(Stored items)
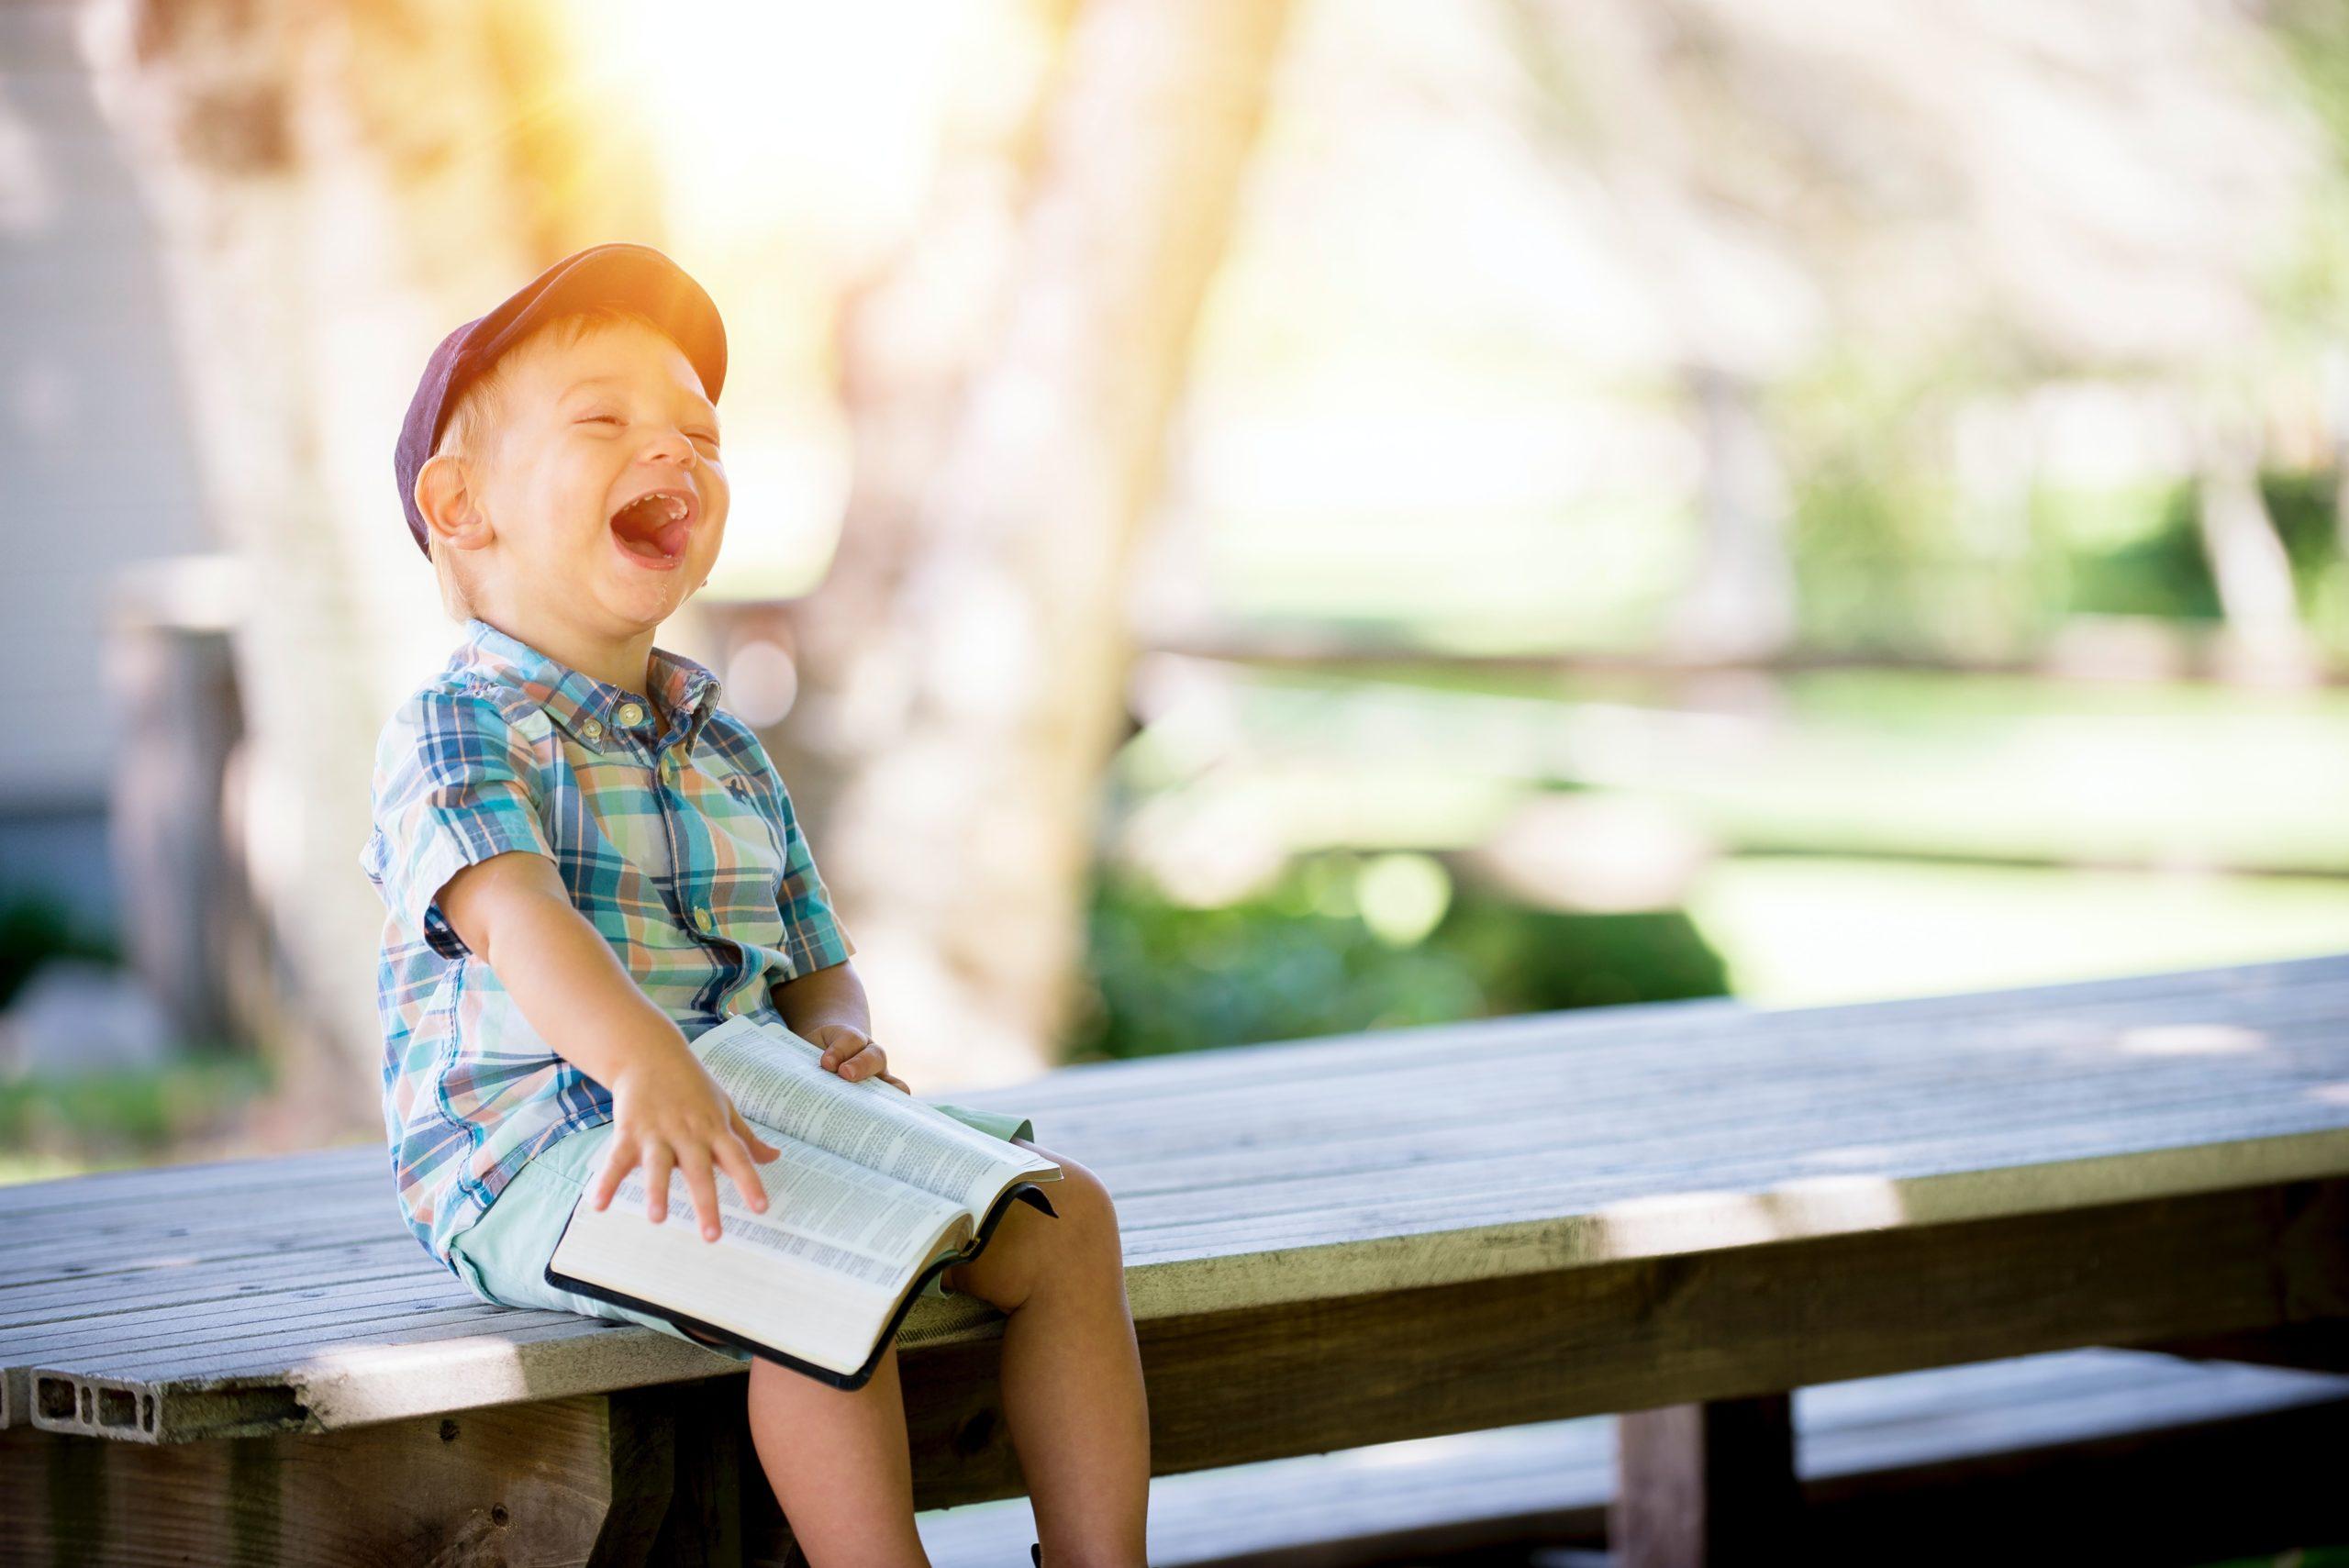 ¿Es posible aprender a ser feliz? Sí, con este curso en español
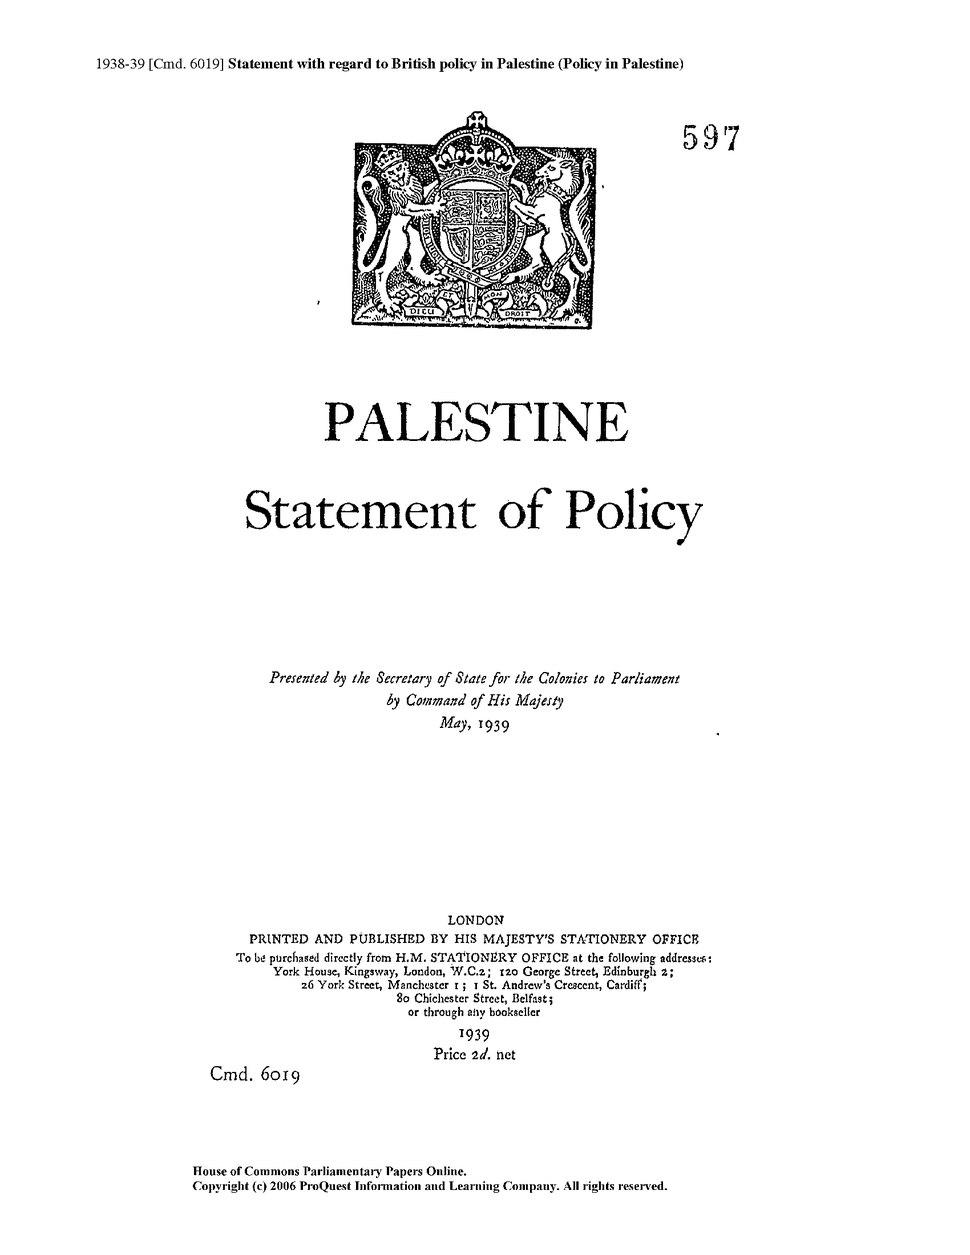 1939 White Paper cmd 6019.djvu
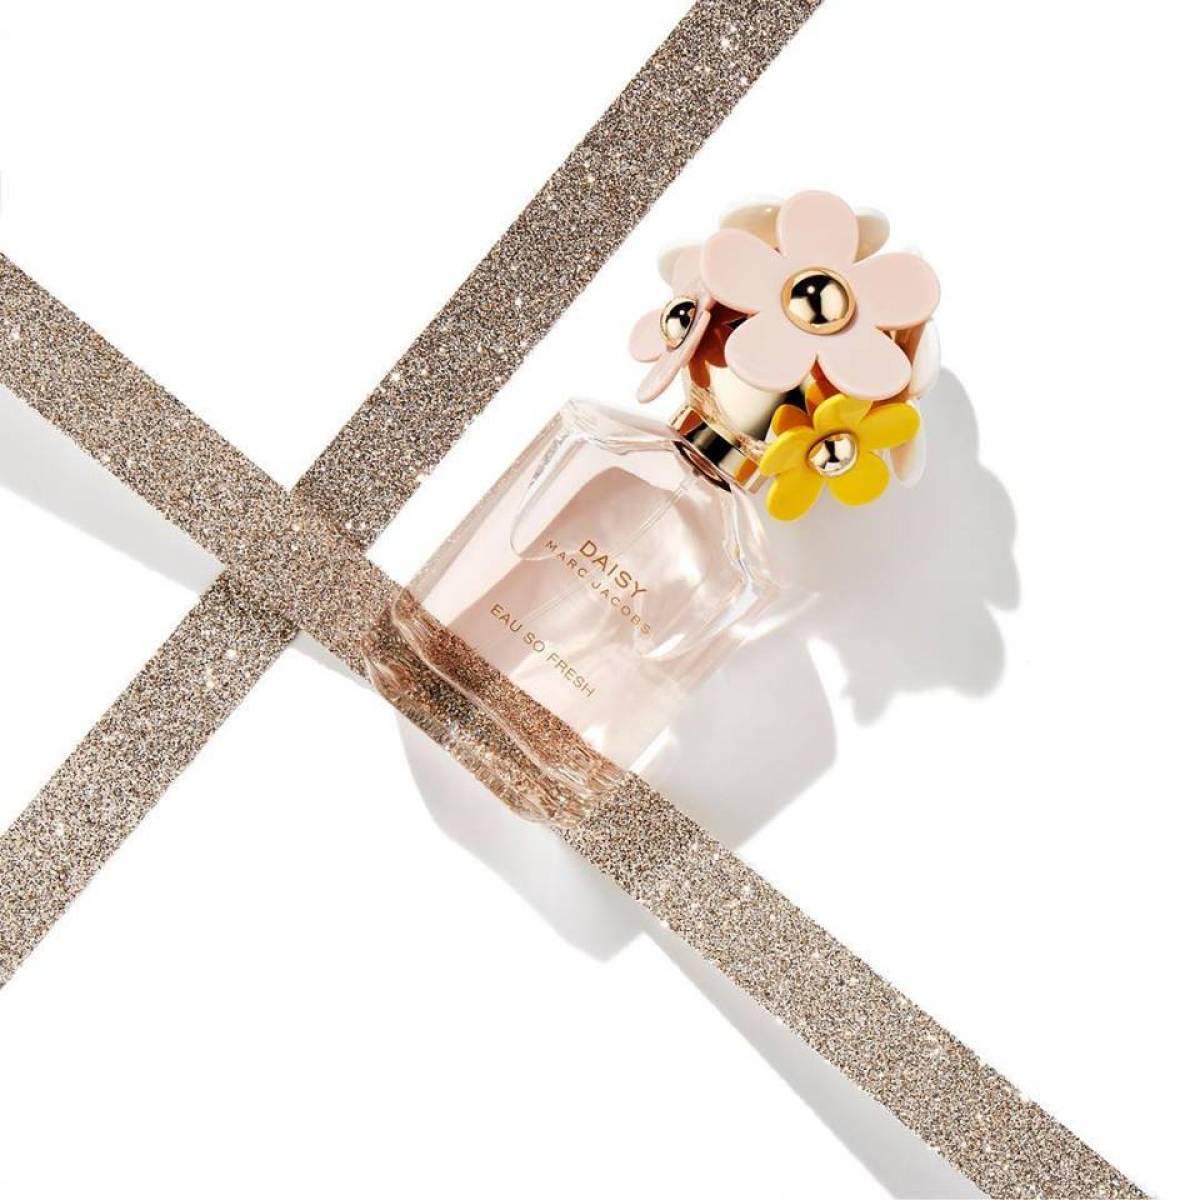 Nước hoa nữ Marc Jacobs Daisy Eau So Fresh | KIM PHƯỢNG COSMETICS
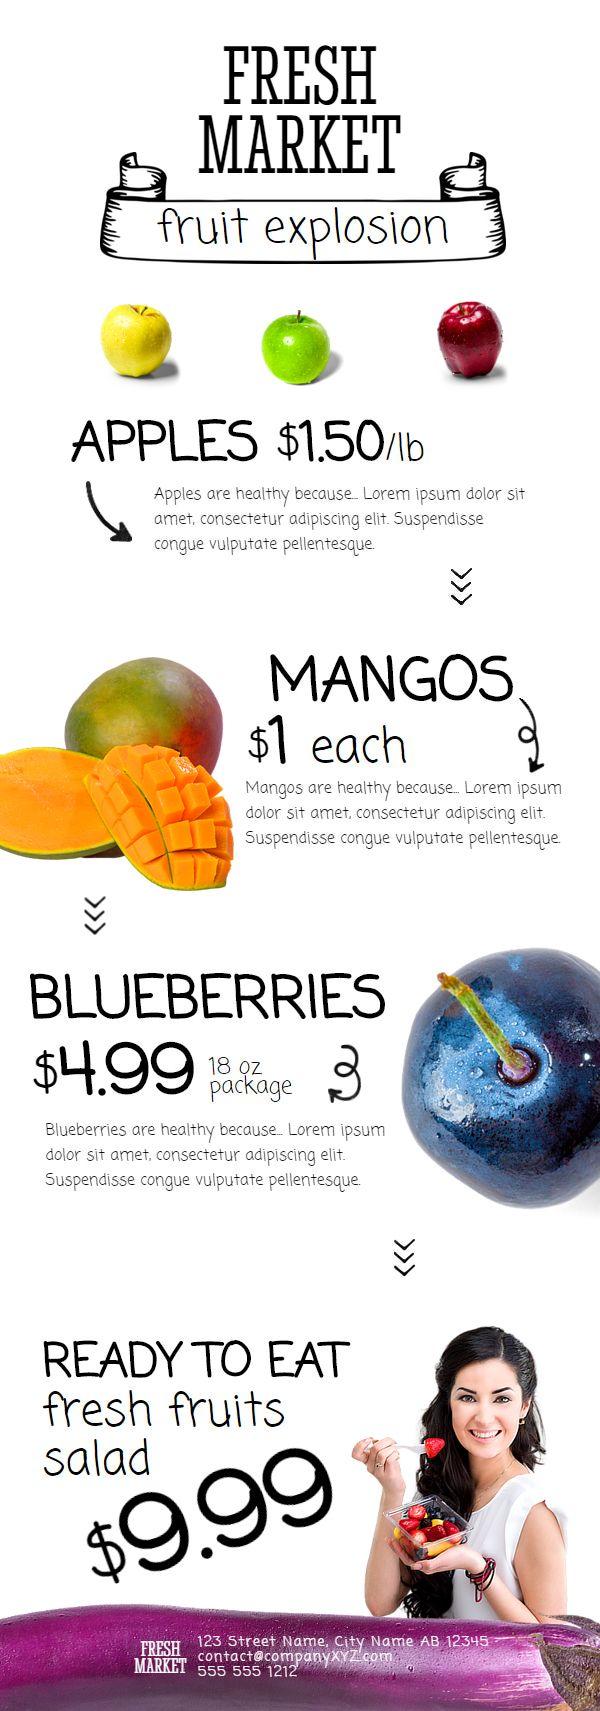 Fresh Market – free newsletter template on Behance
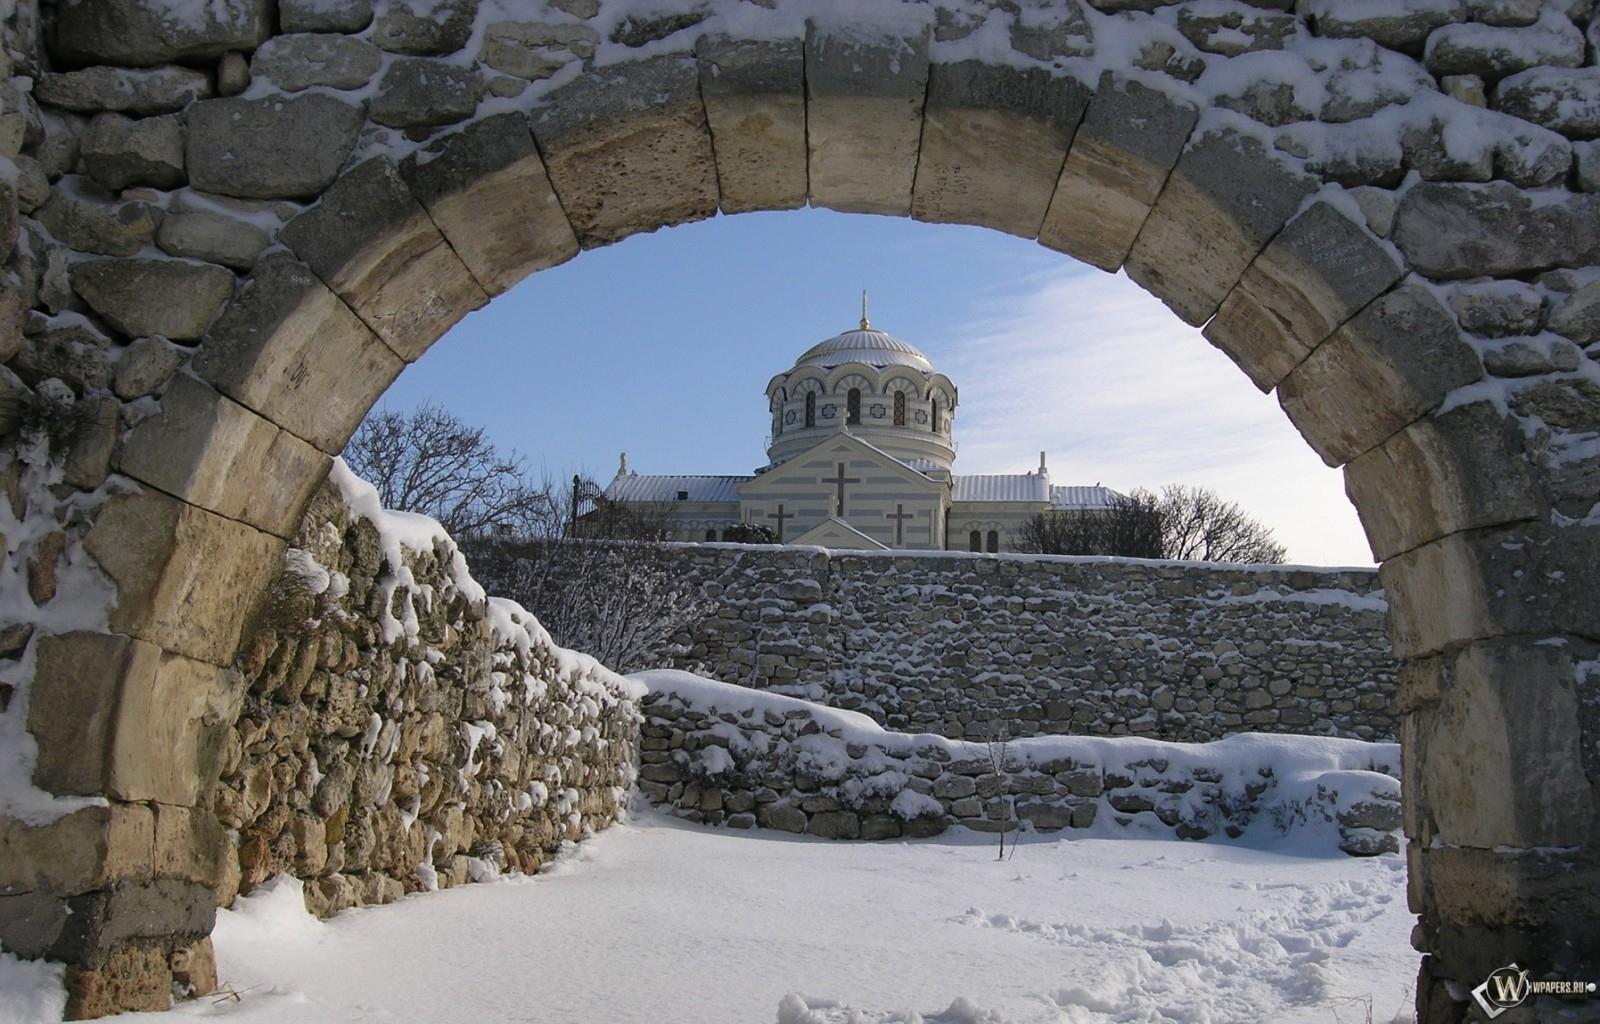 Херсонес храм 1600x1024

Assignment: What you set down should be exactly the lines from the line containing "Fresh Market –" to the last line of the entries above, both included, with no pictures.

Finished task:
 Fresh Market – free newsletter template on Behance
 Херсонес храм 1600x1024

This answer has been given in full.